Cleek heard Anita’s soft rippling laughter; but he waited to hear no more. Moving swiftly away from the well-hole of the staircase he passed on tiptoe down the hall to the Major’s rooms, and, opening the door, went in. The old soldier was standing, with arms folded, at the window looking silently out into the darkness of the night. He turned at the sound of the door’s opening and moved toward Cleek with a white, agonised face and a pair of shaking, outstretched hands.
“Well?” he said with a sort of gasp.
“My dear Major,” said Cleek quietly. “The wisest of men are sometimes mistaken—that is my excuse for my own short-sightedness. I said in the beginning that his was either a case of swindling or a case of murder, did I not? Well, I now amend my verdict. It is a case of swindling and murder; and your son has had nothing to do with either!”
“Oh, thank God! thank God!” the old man said; then sat down suddenly and dropped his face between his hands and was still for a long time. When he looked up again his eyes were red, but his lips were smiling.
“If you only knew what a relief it is,” he said. “If you only knew how much I have suffered, Mr. Cleek. His friendship with that Spanish woman; his going with her to identify the: body—even assisting in its hurried burial! These things all seemed so frightfully black—so utterly without any explanation other than personal guilt.”
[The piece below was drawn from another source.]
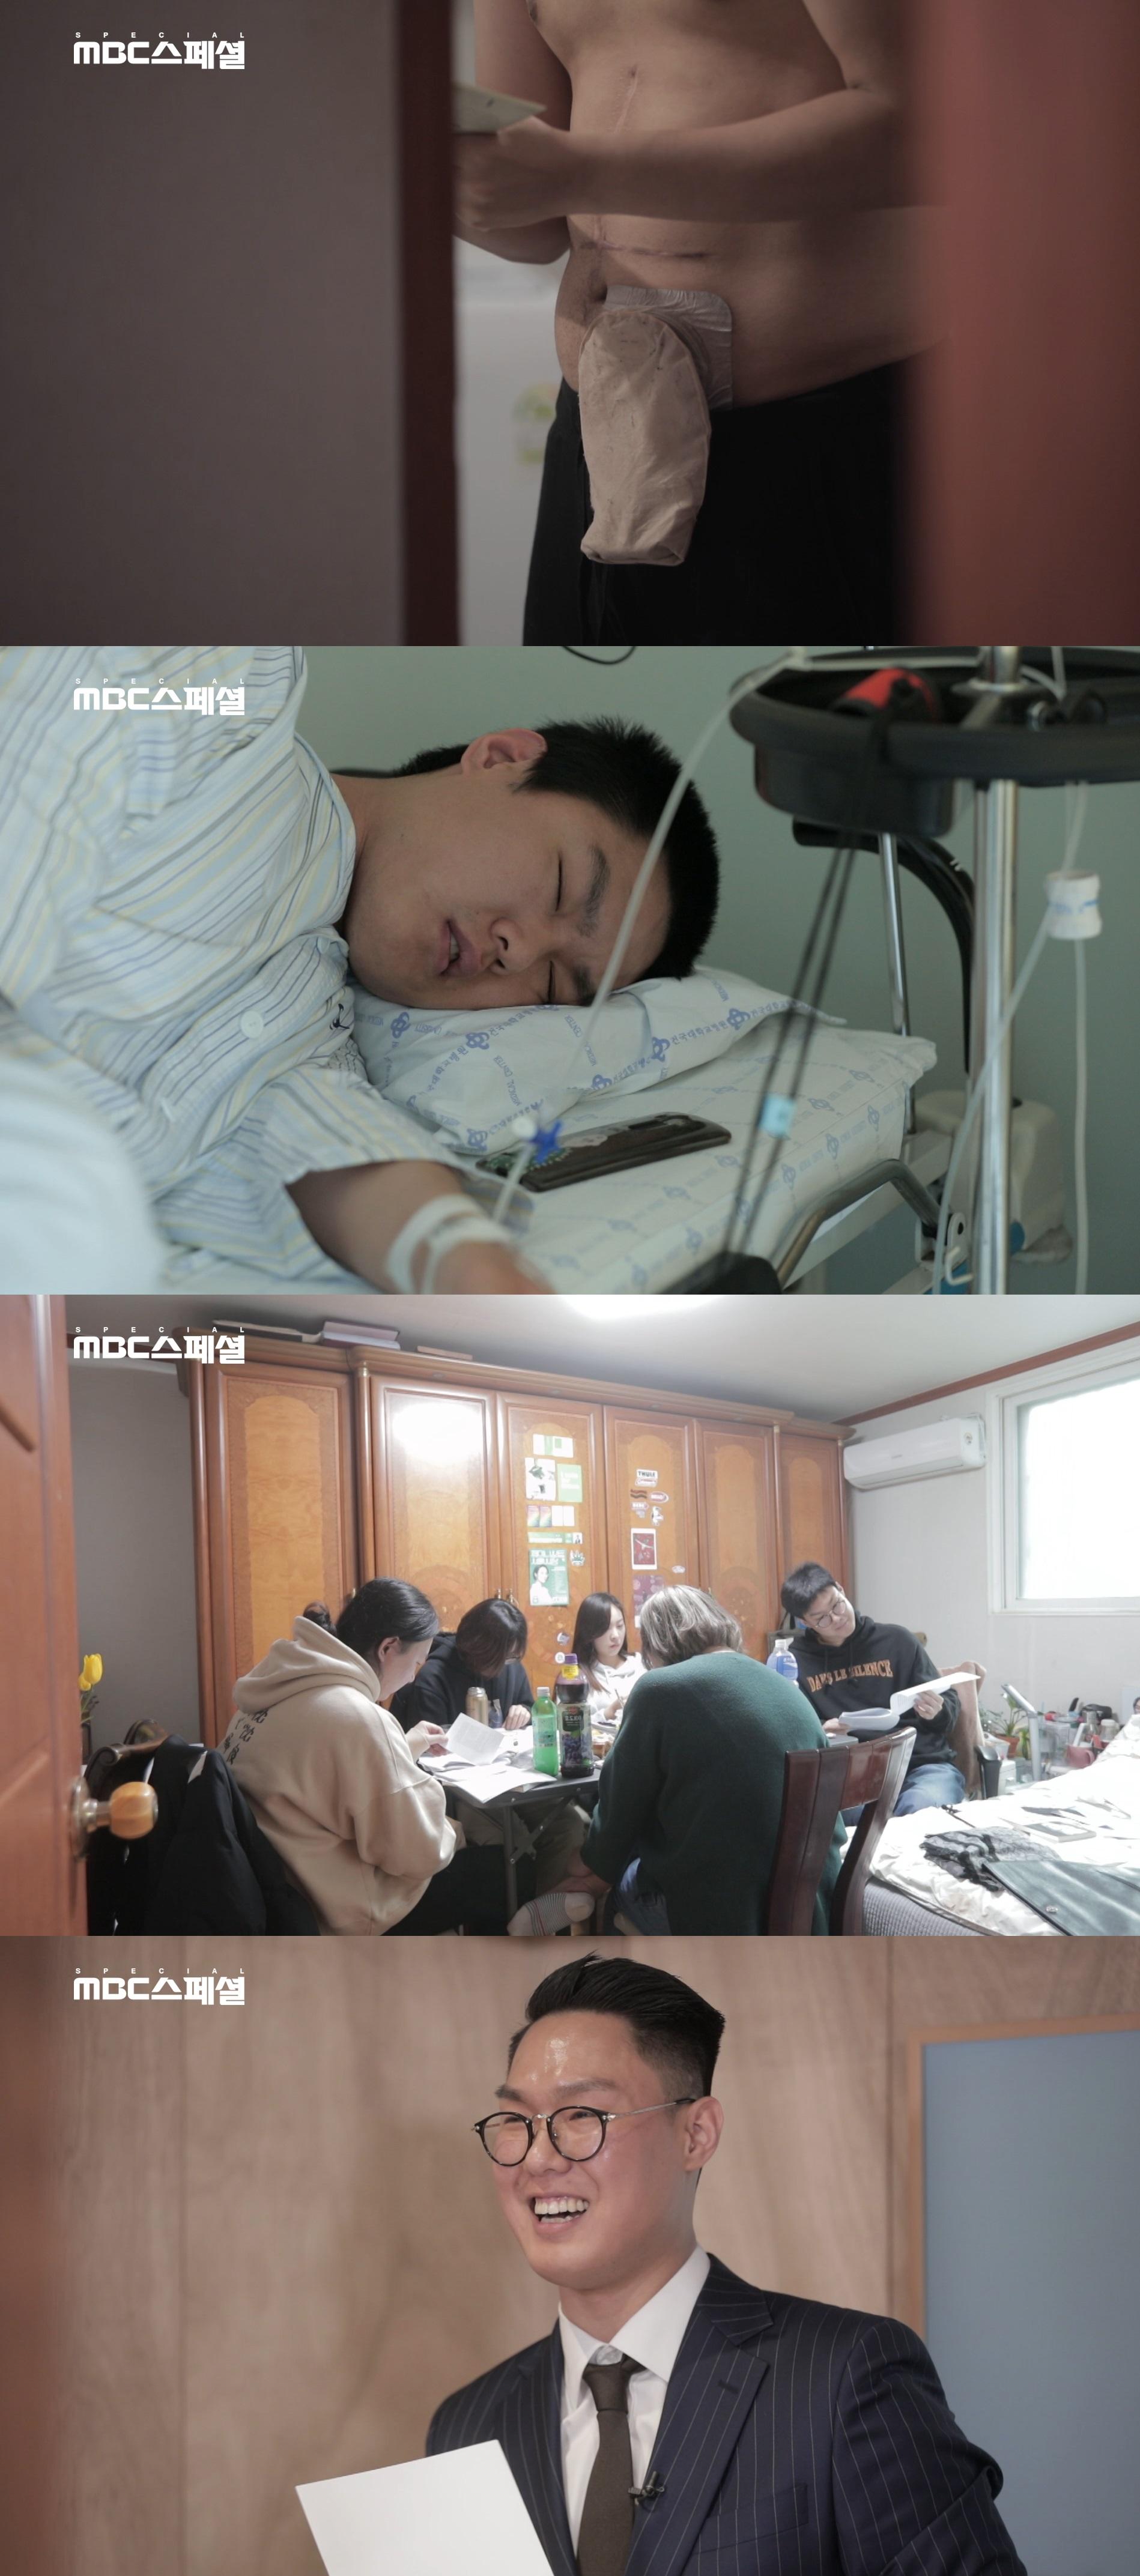 'MBC스페셜' 말기 암 환자가 그리는 삶의 마지막 '내가 죽는 날에는'

“Yet they are all easily explained, Major. His friendship for the Spanish woman is merely due to a promise to intercede for him with Zuilika. She is his one aim and object, poor little donkey! As for his identification of the body—well, if the widow herself could find points of undisputed resemblance, why not he? A nervous, excitable, impetuous boy like that—and anxious, too, that the lady of his heart should be freed from the one thing, the one man, whose existence made her everlastingly unattainable—why, in the hands of a clever woman like Anita Rosario such a chap could be made to identify anything and to believe it as religiously as he believes. Now, go to bed and rest easy, Major. I’m going to call up Dollops and do a little night prowling. If it turns out as I hope, this little riddle will be solved to-morrow.”
“But how, Mr. Cleek? It seems to me that it is as dark as ever. You put my poor old head in a whirl. You say there is swindling; you hint one moment that the body was not that of Ulchester, and in the next that murder has been done. Do, pray, tell me what it all means—what you make of this amazing case.”
“I’ll do that to-morrow, Major; not to-night. The answer to the riddle—the answer that’s in my mind, I mean—is at once so simple and yet so appallingly awful that I’ll hazard no guess until I’m sure. Look here”—he put his hand into his pocket and pulled out a gold piece—“do you know what that is, Major?”
“It looks like a spade guinea, Mr. Cleek.”